Every line in the records below between the one holding "Мяч баскетбольный Jogel, цвет: коричневый." and the one holding "Parker Boudreaux", inclusive, is to be set down exactly; all other lines are to be left out.

--- Records shown ---

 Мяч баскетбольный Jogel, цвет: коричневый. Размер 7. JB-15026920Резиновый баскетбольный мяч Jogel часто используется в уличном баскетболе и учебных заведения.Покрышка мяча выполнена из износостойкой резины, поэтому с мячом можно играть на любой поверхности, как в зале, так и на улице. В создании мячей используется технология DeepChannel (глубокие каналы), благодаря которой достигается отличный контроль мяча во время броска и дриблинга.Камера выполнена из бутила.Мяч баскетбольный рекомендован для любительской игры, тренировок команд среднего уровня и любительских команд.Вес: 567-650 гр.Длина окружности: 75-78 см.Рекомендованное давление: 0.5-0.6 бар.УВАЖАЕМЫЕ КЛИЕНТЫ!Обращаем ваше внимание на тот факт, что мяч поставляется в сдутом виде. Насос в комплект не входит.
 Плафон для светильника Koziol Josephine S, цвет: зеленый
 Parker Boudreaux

---
--- Records shown ---

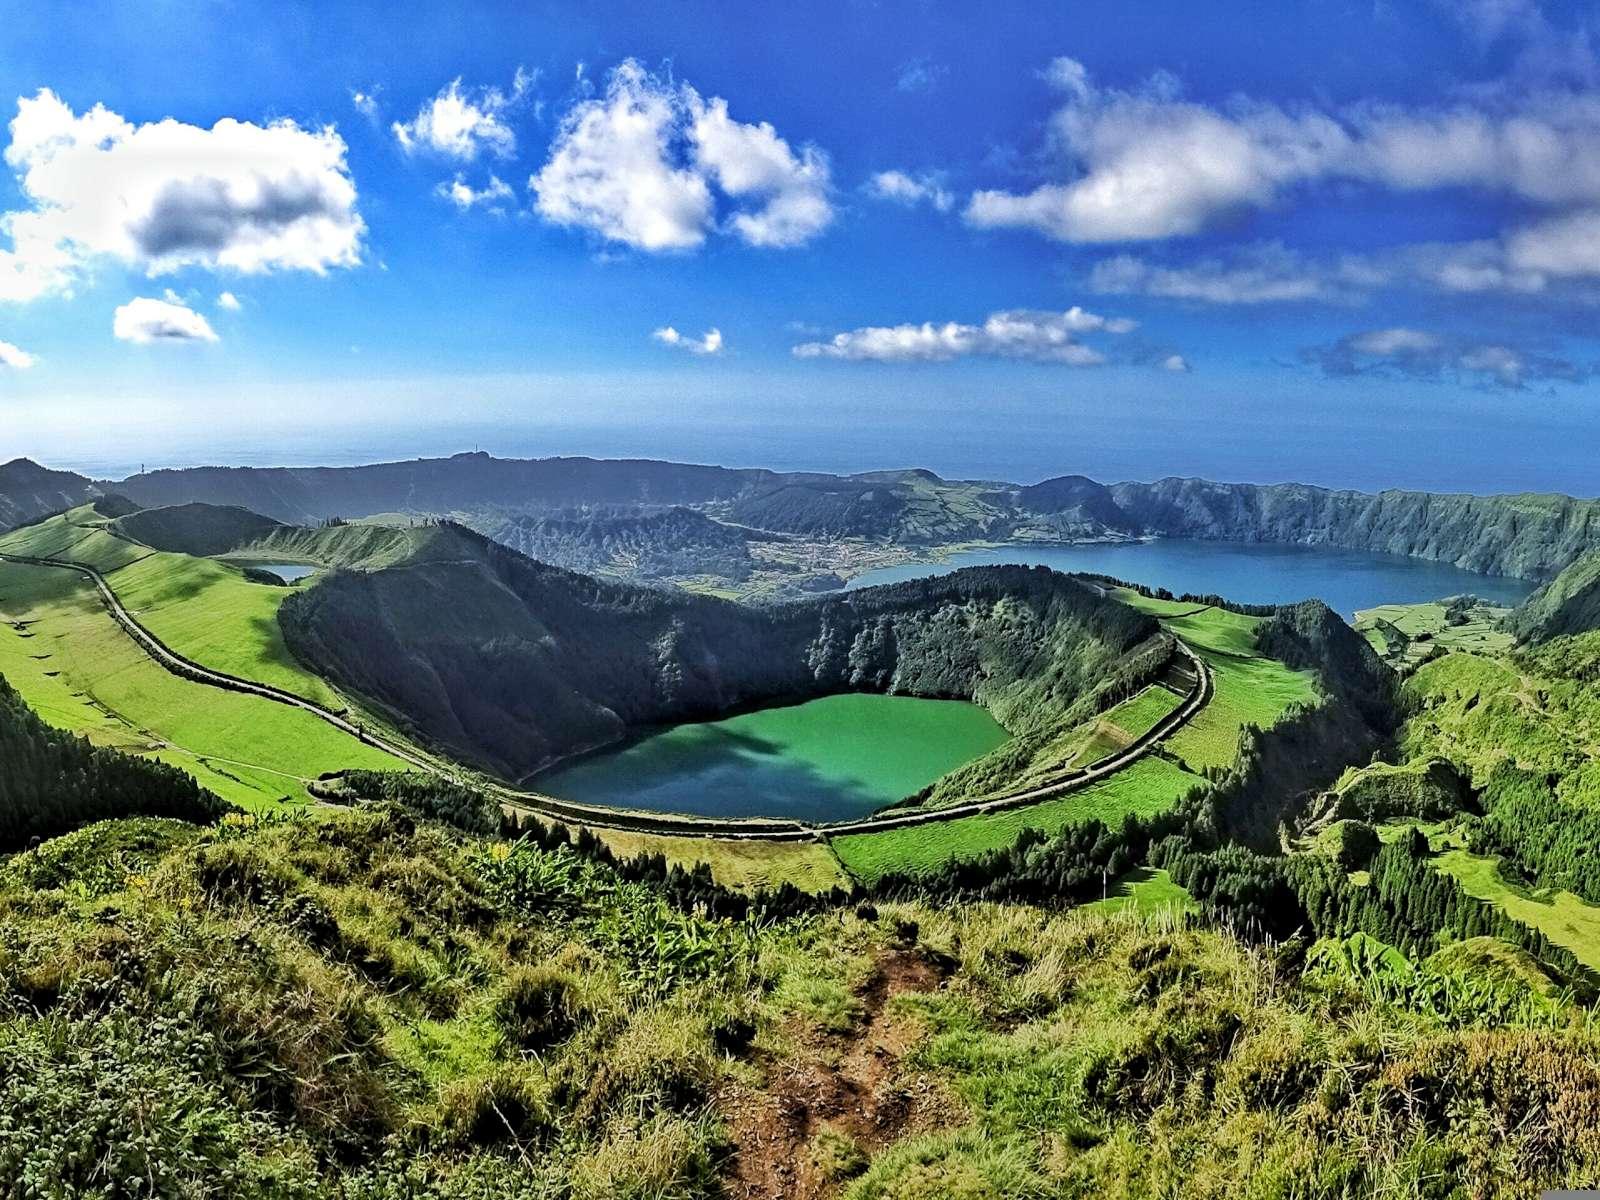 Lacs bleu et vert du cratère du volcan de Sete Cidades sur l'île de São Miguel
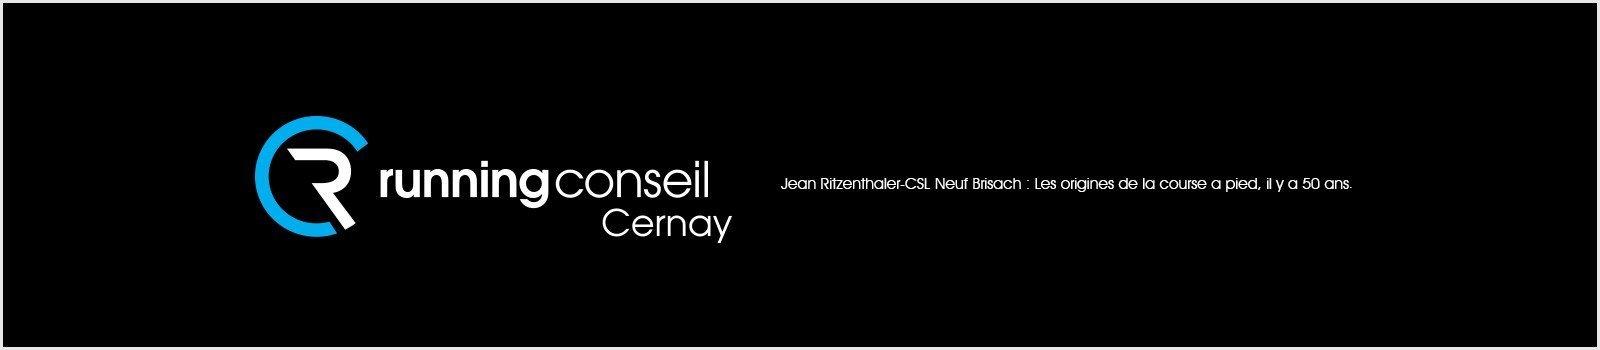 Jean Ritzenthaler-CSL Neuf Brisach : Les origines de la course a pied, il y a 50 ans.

---

Output of the exercise:
 Мяч баскетбольный Jogel, цвет: коричневый. Размер 7. JB-15026920Резиновый баскетбольный мяч Jogel часто используется в уличном баскетболе и учебных заведения.Покрышка мяча выполнена из износостойкой резины, поэтому с мячом можно играть на любой поверхности, как в зале, так и на улице. В создании мячей используется технология DeepChannel (глубокие каналы), благодаря которой достигается отличный контроль мяча во время броска и дриблинга.Камера выполнена из бутила.Мяч баскетбольный рекомендован для любительской игры, тренировок команд среднего уровня и любительских команд.Вес: 567-650 гр.Длина окружности: 75-78 см.Рекомендованное давление: 0.5-0.6 бар.УВАЖАЕМЫЕ КЛИЕНТЫ!Обращаем ваше внимание на тот факт, что мяч поставляется в сдутом виде. Насос в комплект не входит.
 Плафон для светильника Koziol Josephine S, цвет: зеленый
 Parker Boudreaux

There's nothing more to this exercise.